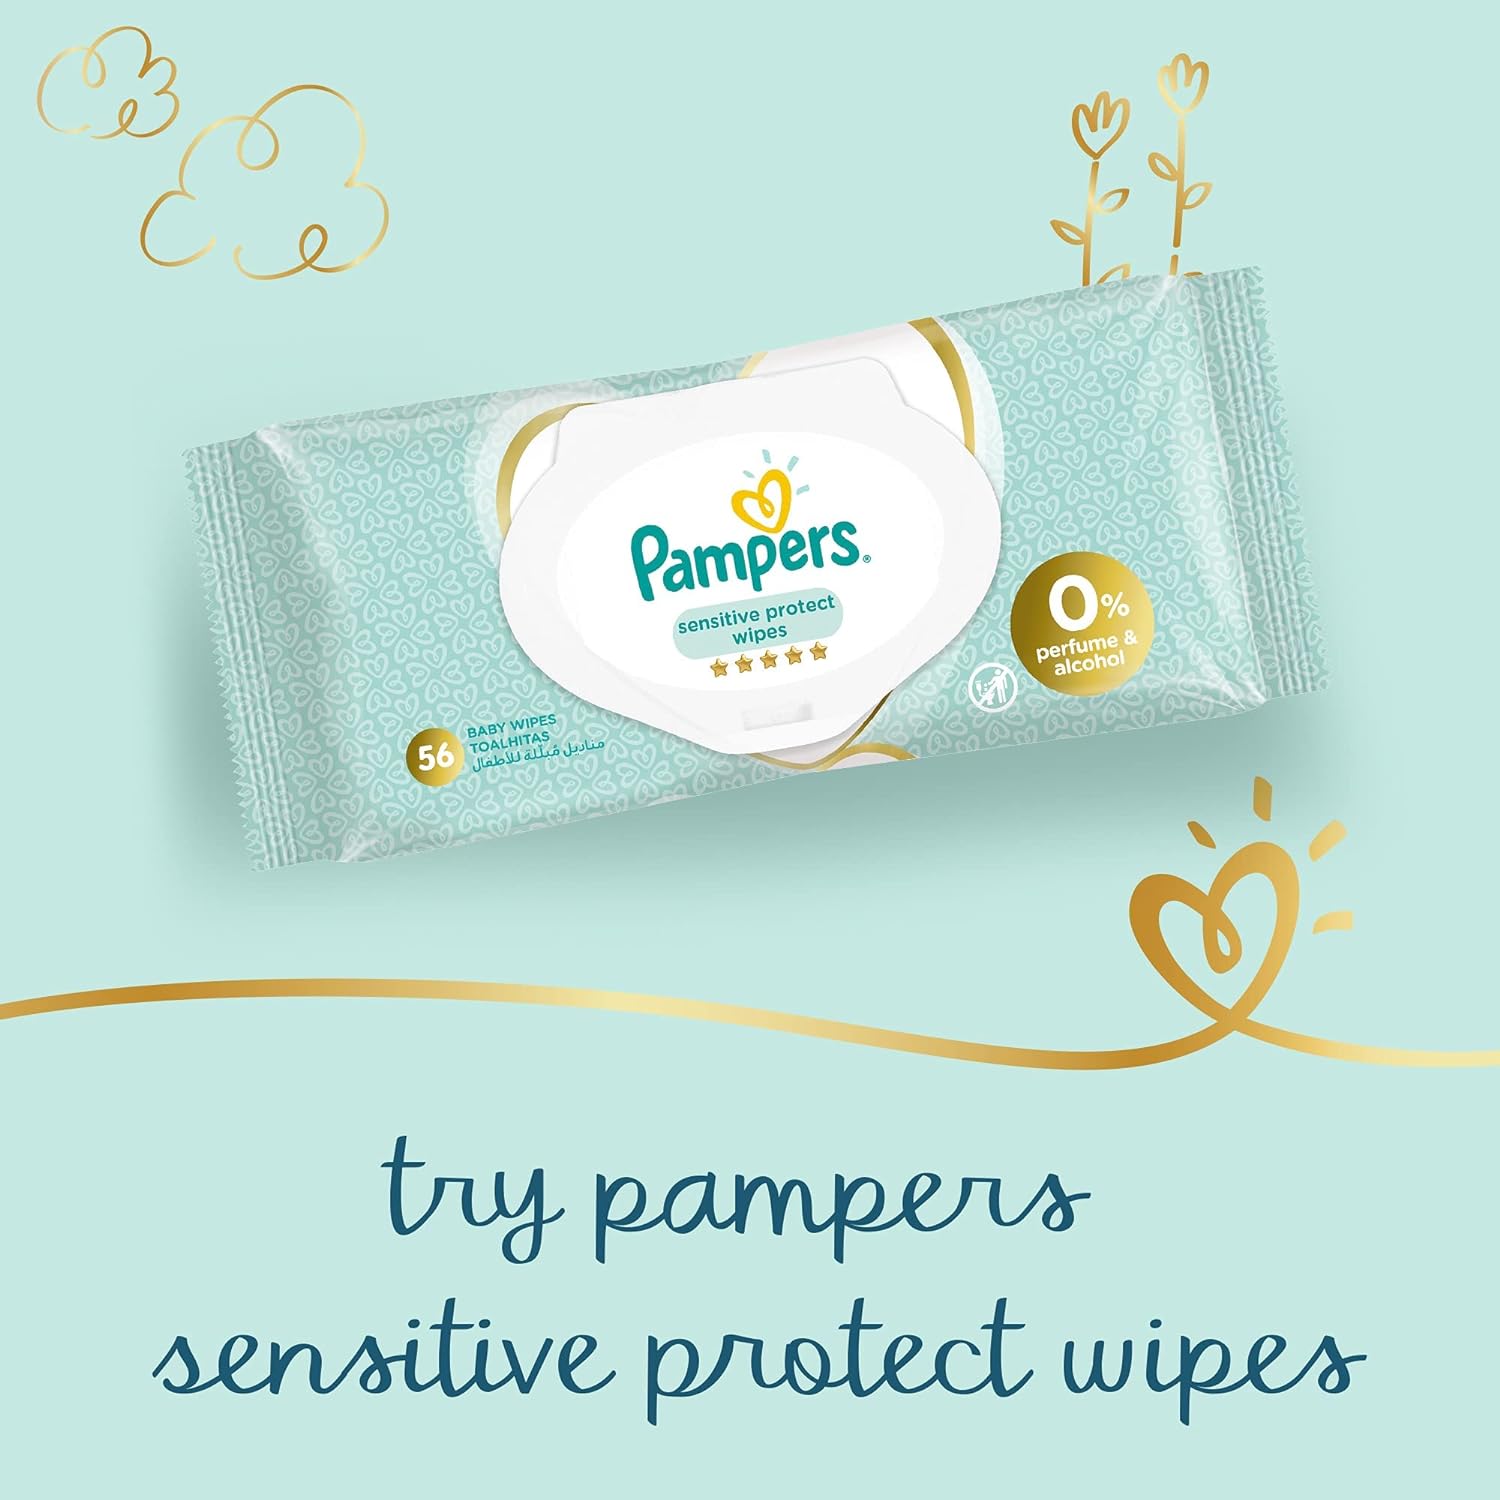 Pampers Premium Care Newborn Taped Diapers, Size 2, 3-8kg, Unique Softest Absorption for Ultimate Skin Protection, 136 Count - Laadlee
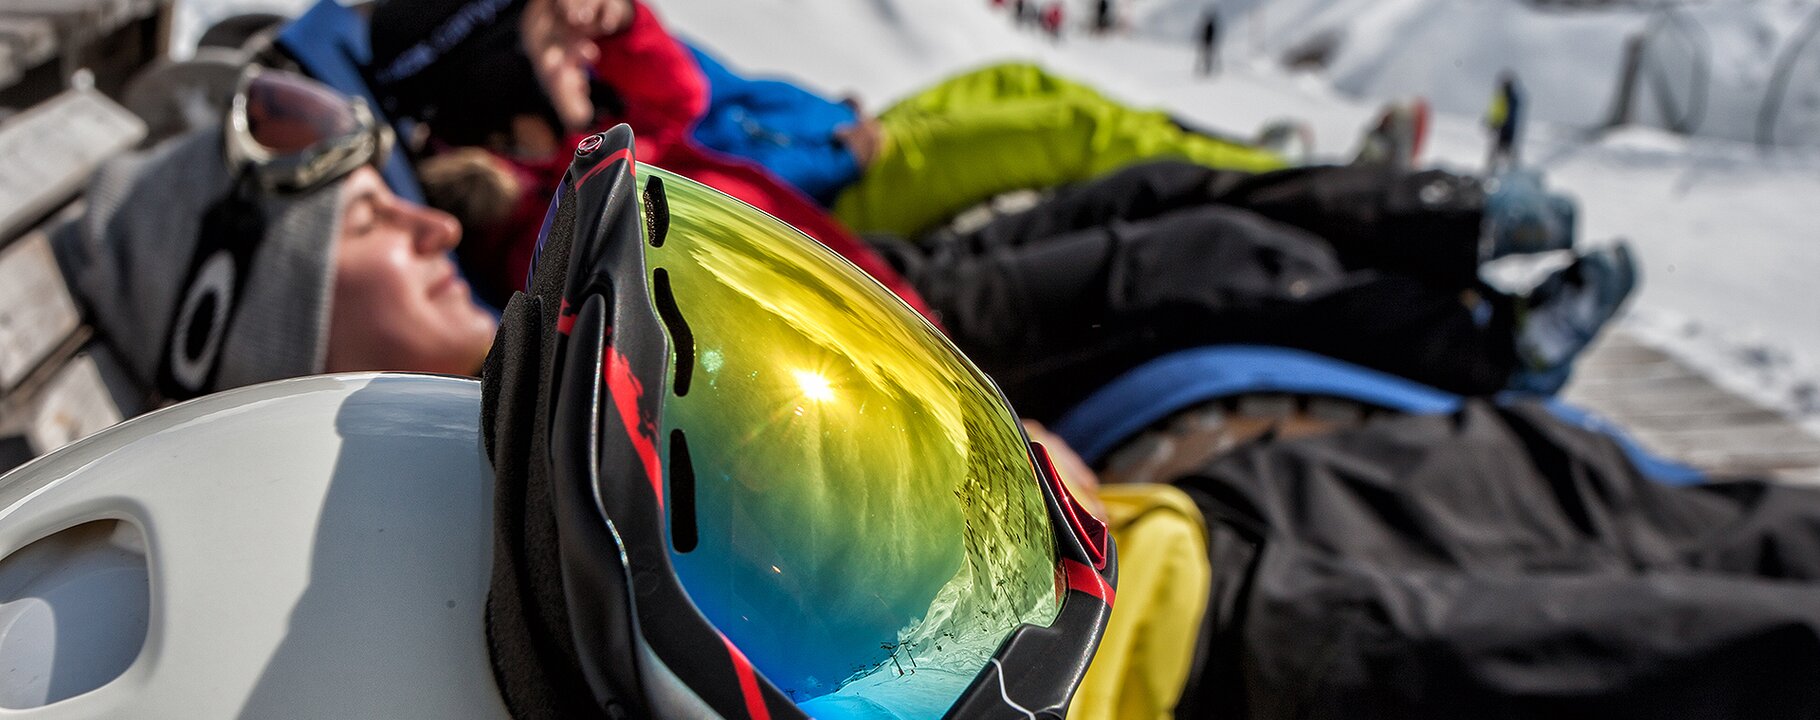 enjoy the sun - feel well directly at the slopes | © Andreas Kirschner
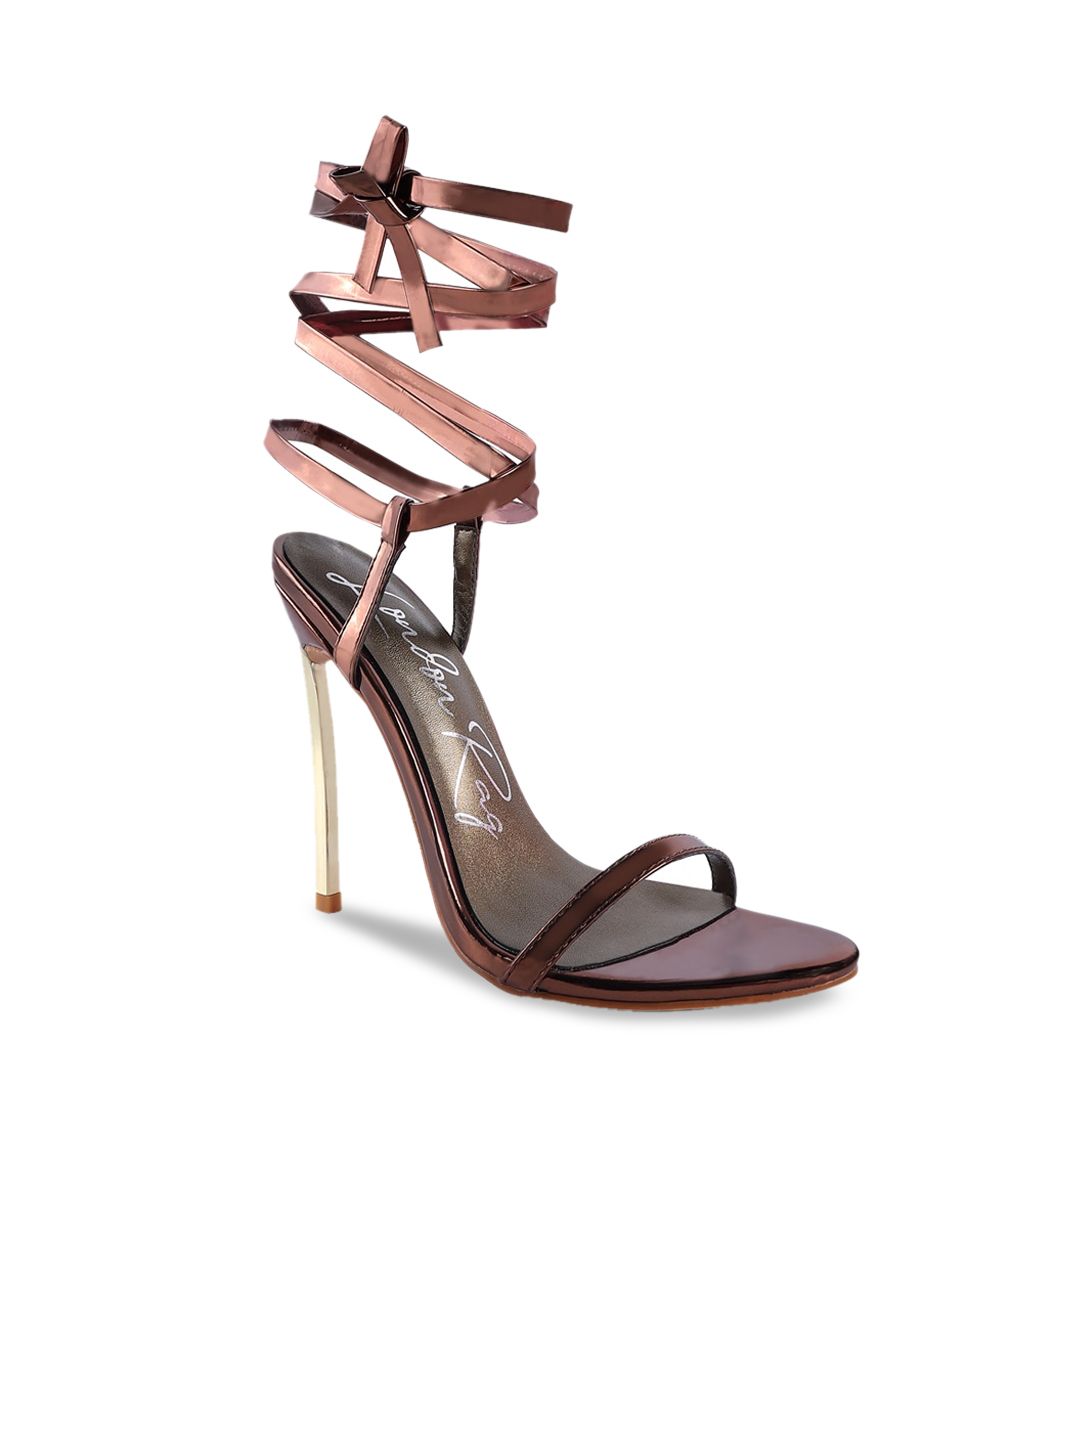 London Rag Bronze-Toned Striped PU Party Stiletto Sandals with Buckles Price in India
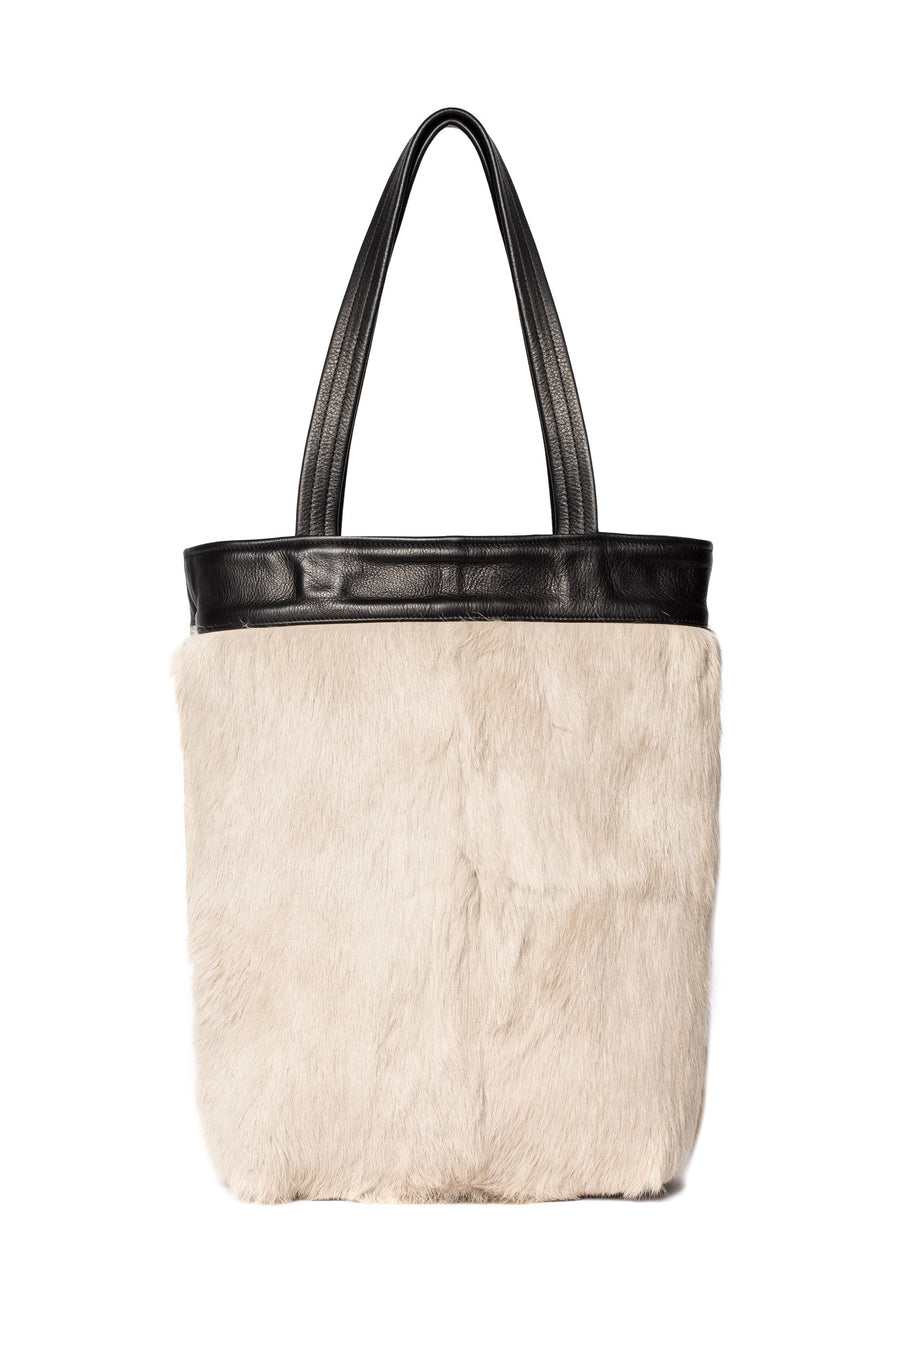 Cream Off White One-of-a-Kind Black Rabbit Fur Tote Black Leather Wendy Nichol Luxury Handbag Purse Bag Designer handmade in NYC New York City one of a kind Durable Handle strap Interior Pocket High Quality Leather

| PROMPT |
Omit the pictures and write out the remaining data exactly.

| ANSWER TO THIS PROBLEM |
 Pampers Premium Care Newborn Taped Diapers, Size 2, 3-8kg, Unique Softest Absorption for Ultimate Skin Protection, 136 Count - Laadlee
 enjoy the sun - feel well directly at the slopes | © Andreas Kirschner
 London Rag Bronze-Toned Striped PU Party Stiletto Sandals with Buckles Price in India
 Cream Off White One-of-a-Kind Black Rabbit Fur Tote Black Leather Wendy Nichol Luxury Handbag Purse Bag Designer handmade in NYC New York City one of a kind Durable Handle strap Interior Pocket High Quality Leather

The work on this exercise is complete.